▶ [Try it]: Leave the images out. Give every line below again, precisely.

▶ [Given information]:
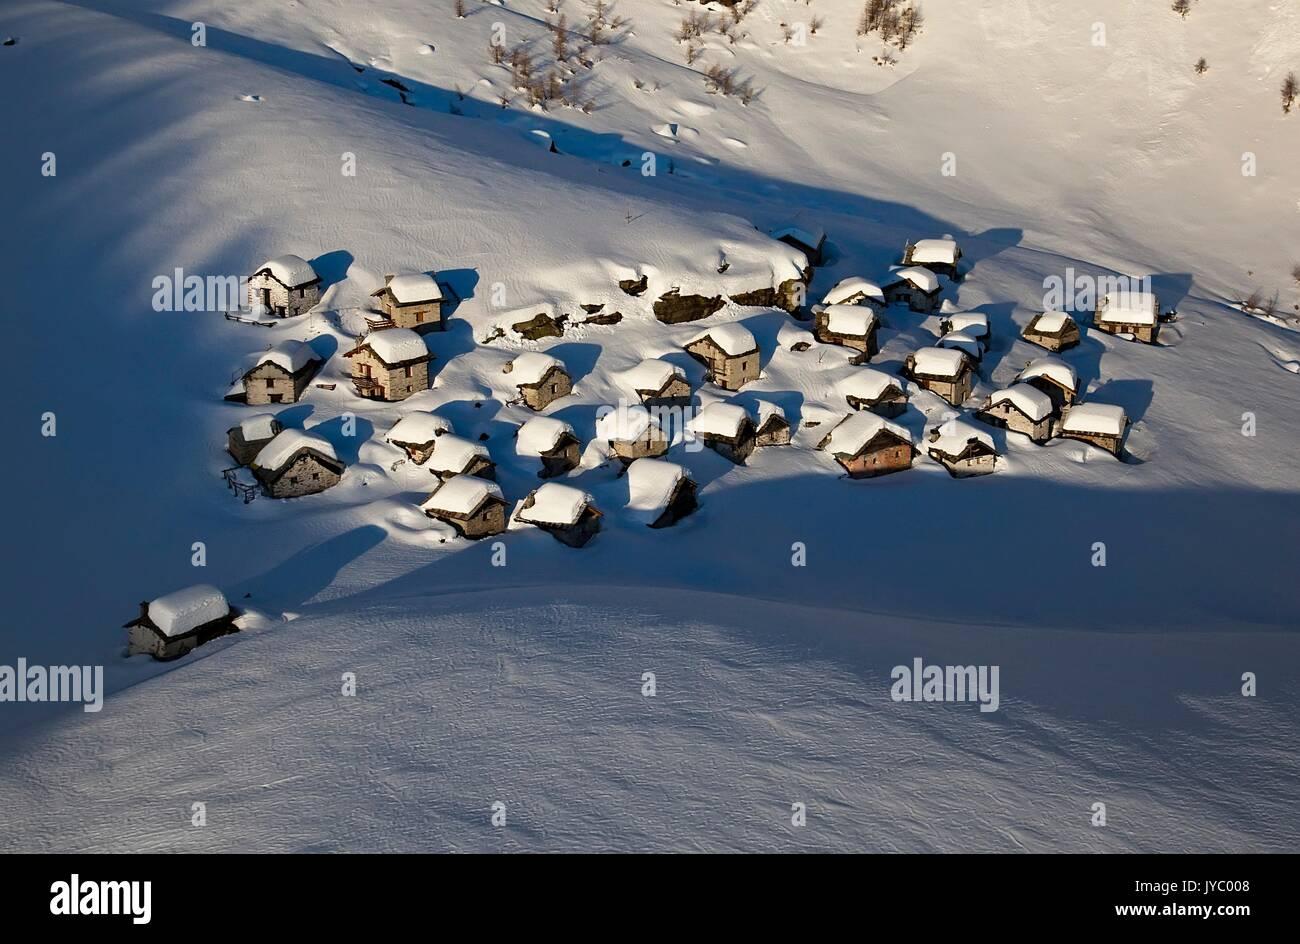 Vista aerea di rifugi di montagna di Lendine Alp dopo un pesante nevicata invernale. Valchiavenna. La Valtellina. Foto Stock
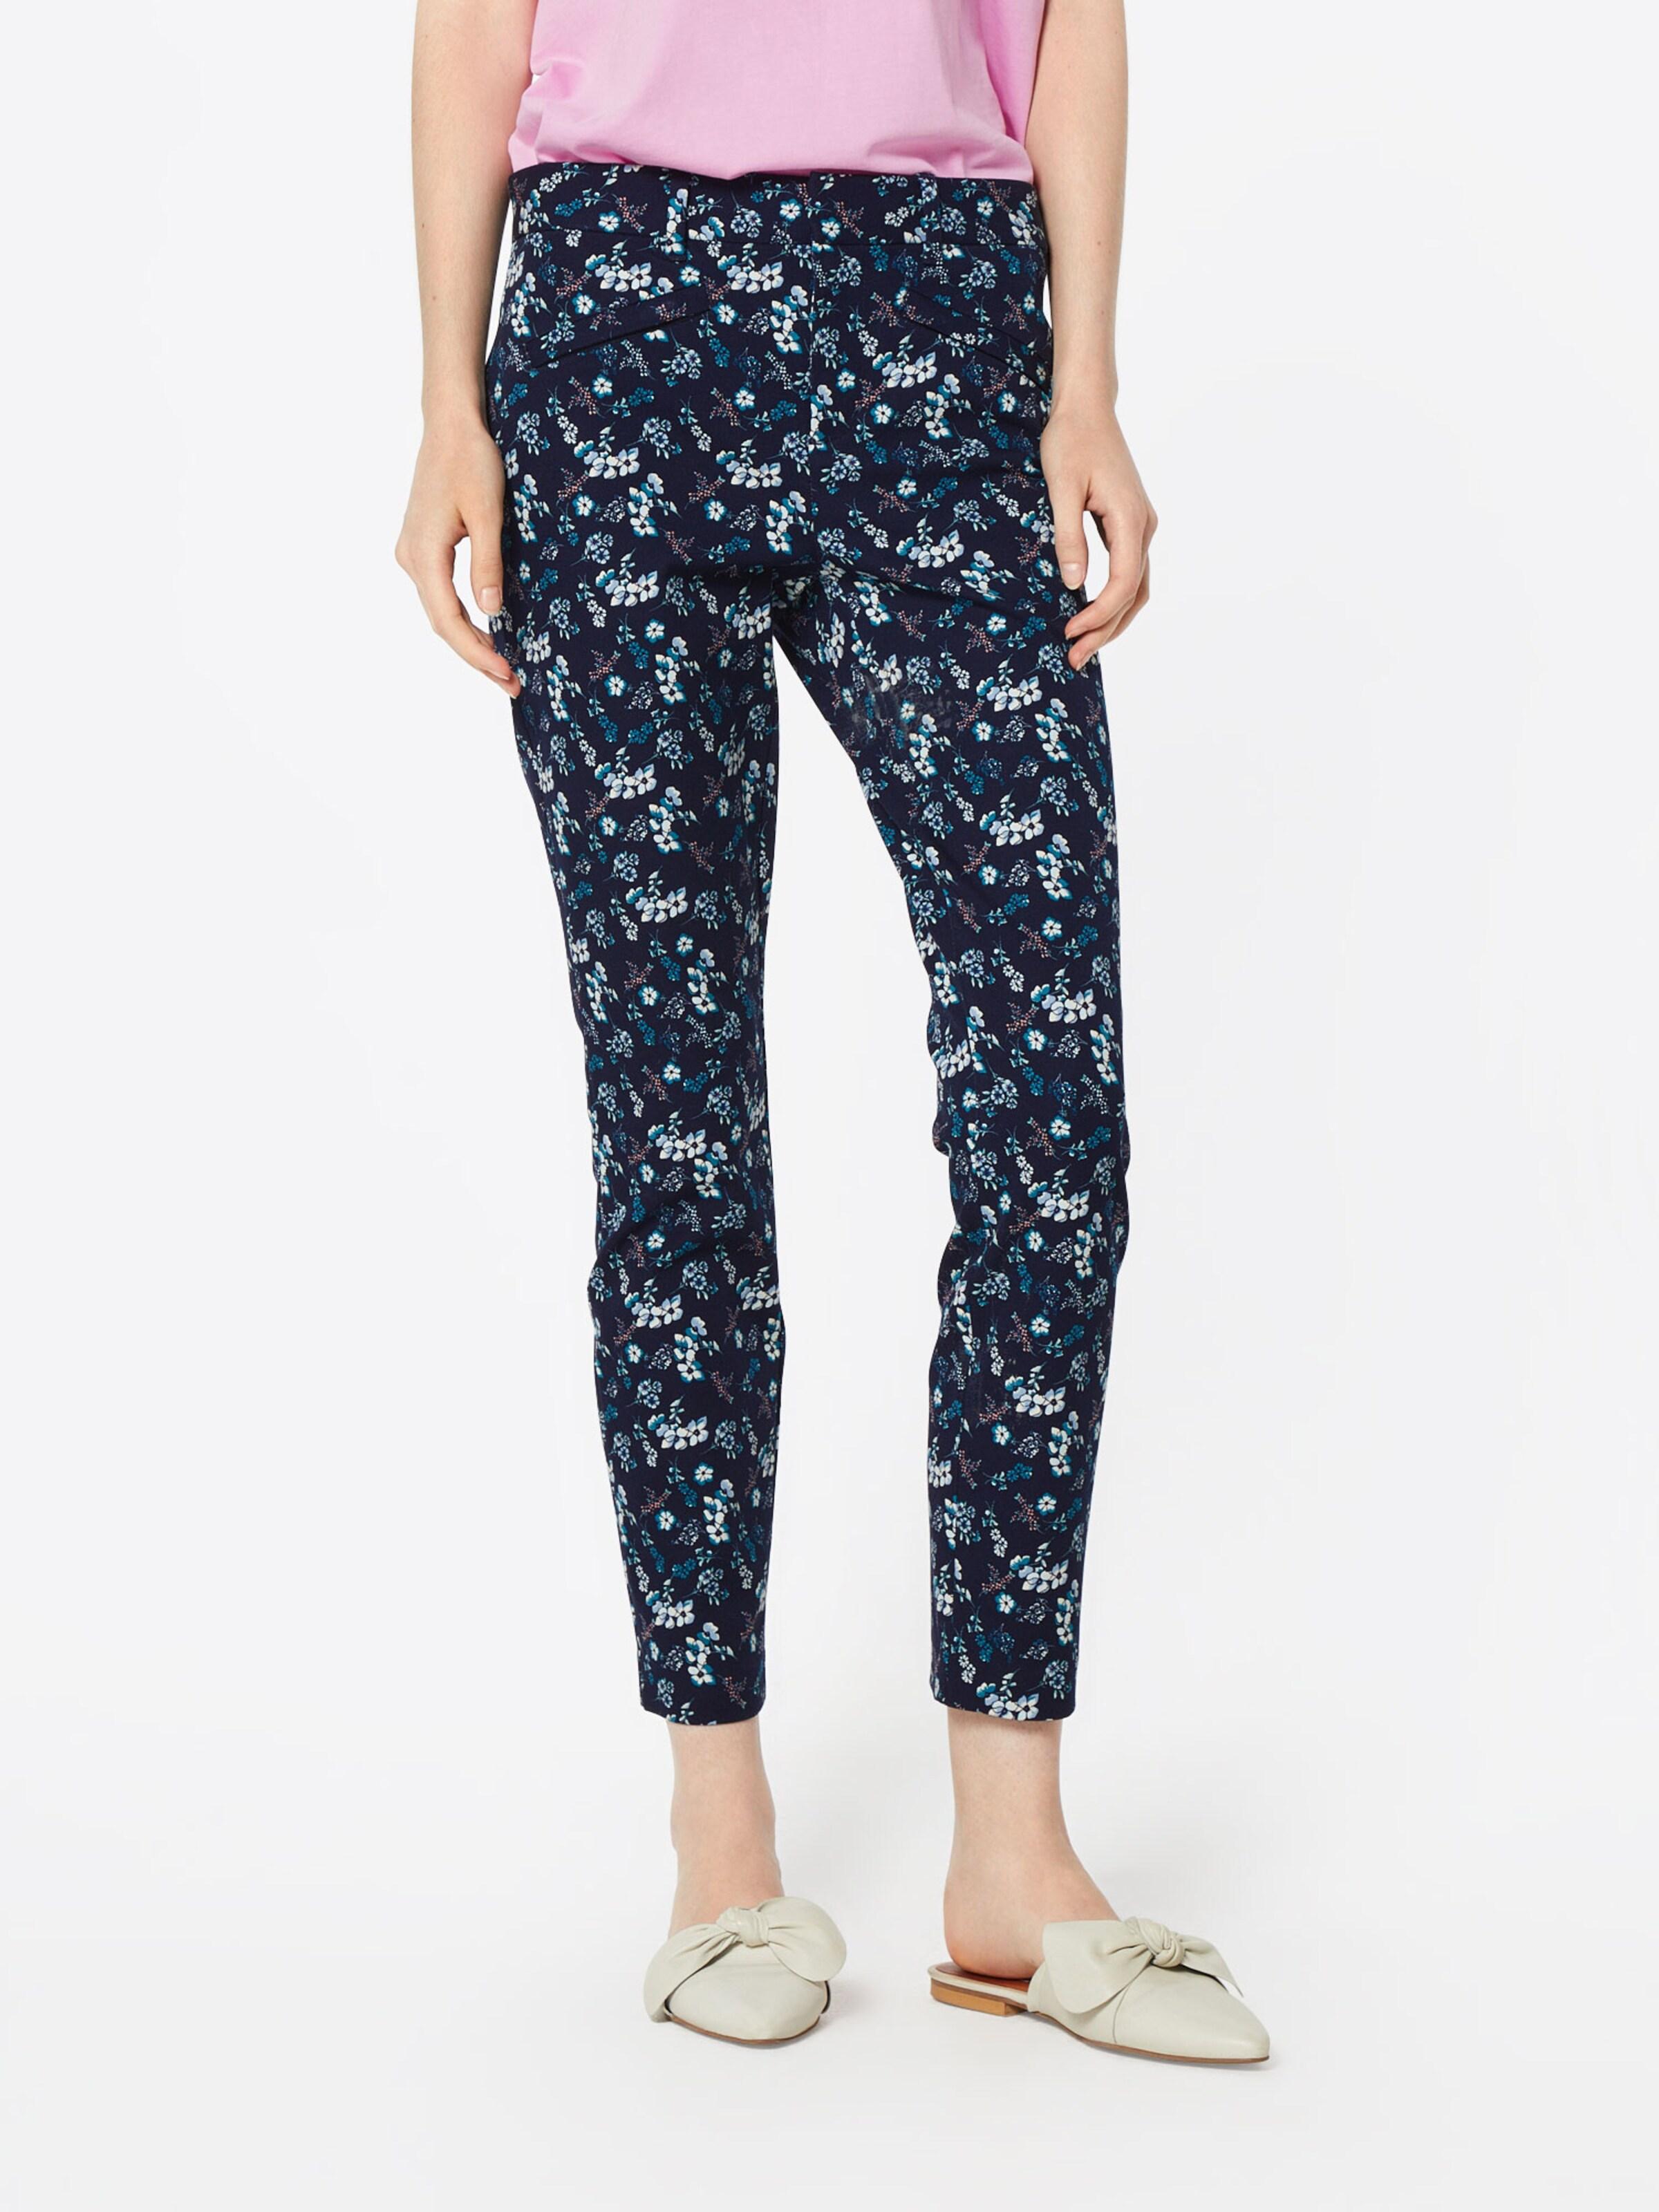 'skinny Pantalon En Bistretch' Gap Ankle Bleu wOmn0PyN8v
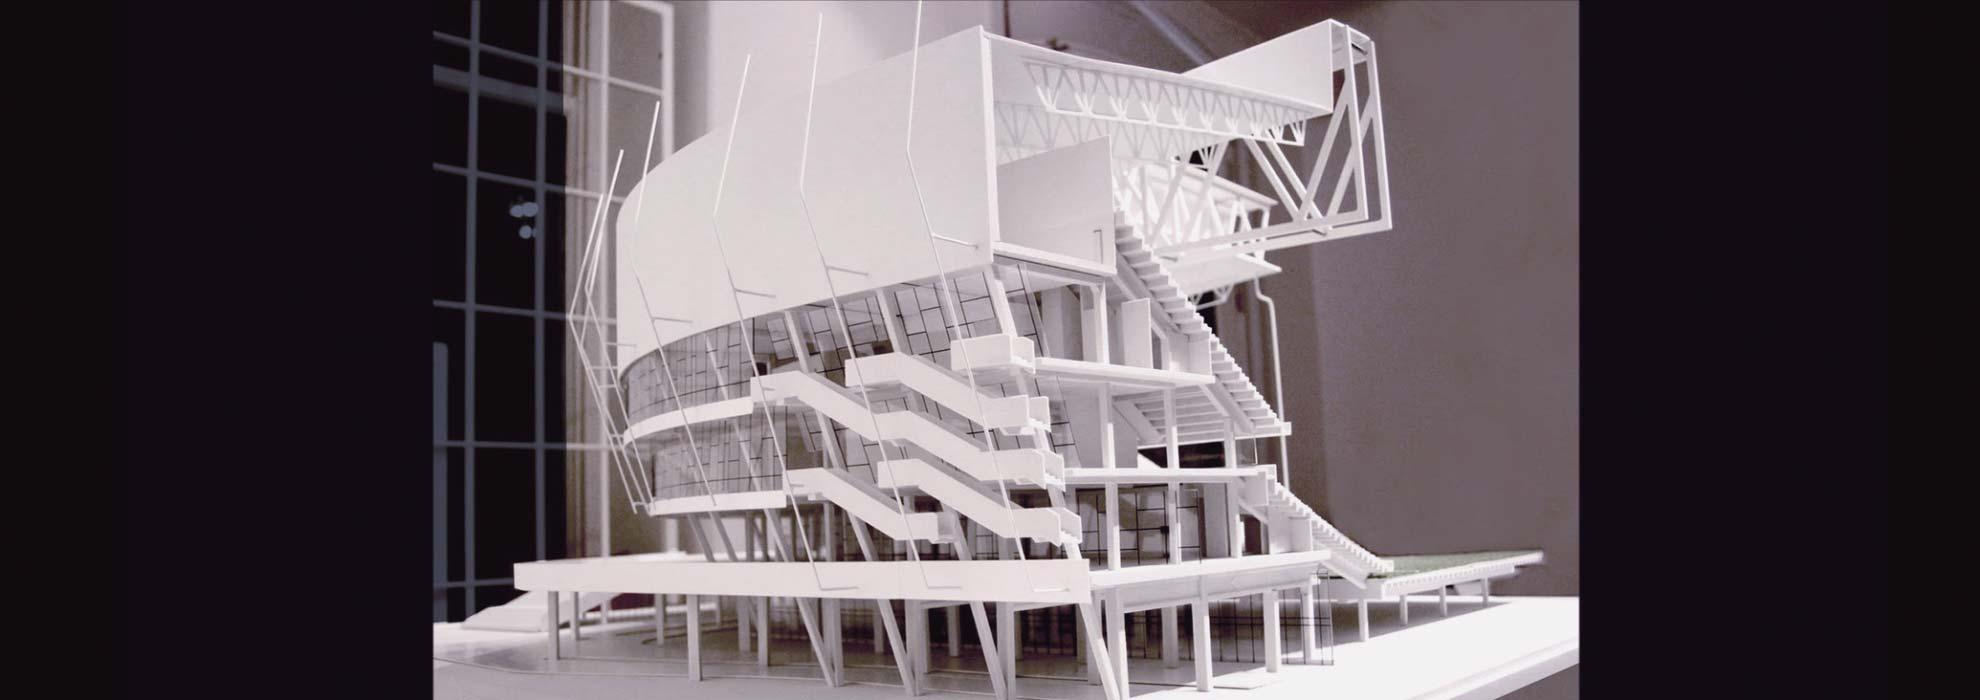 Модель проекта здания

▶ [Response area]:
 Vista aerea di rifugi di montagna di Lendine Alp dopo un pesante nevicata invernale. Valchiavenna. La Valtellina. Foto Stock
 'skinny Pantalon En Bistretch' Gap Ankle Bleu wOmn0PyN8v
 Модель проекта здания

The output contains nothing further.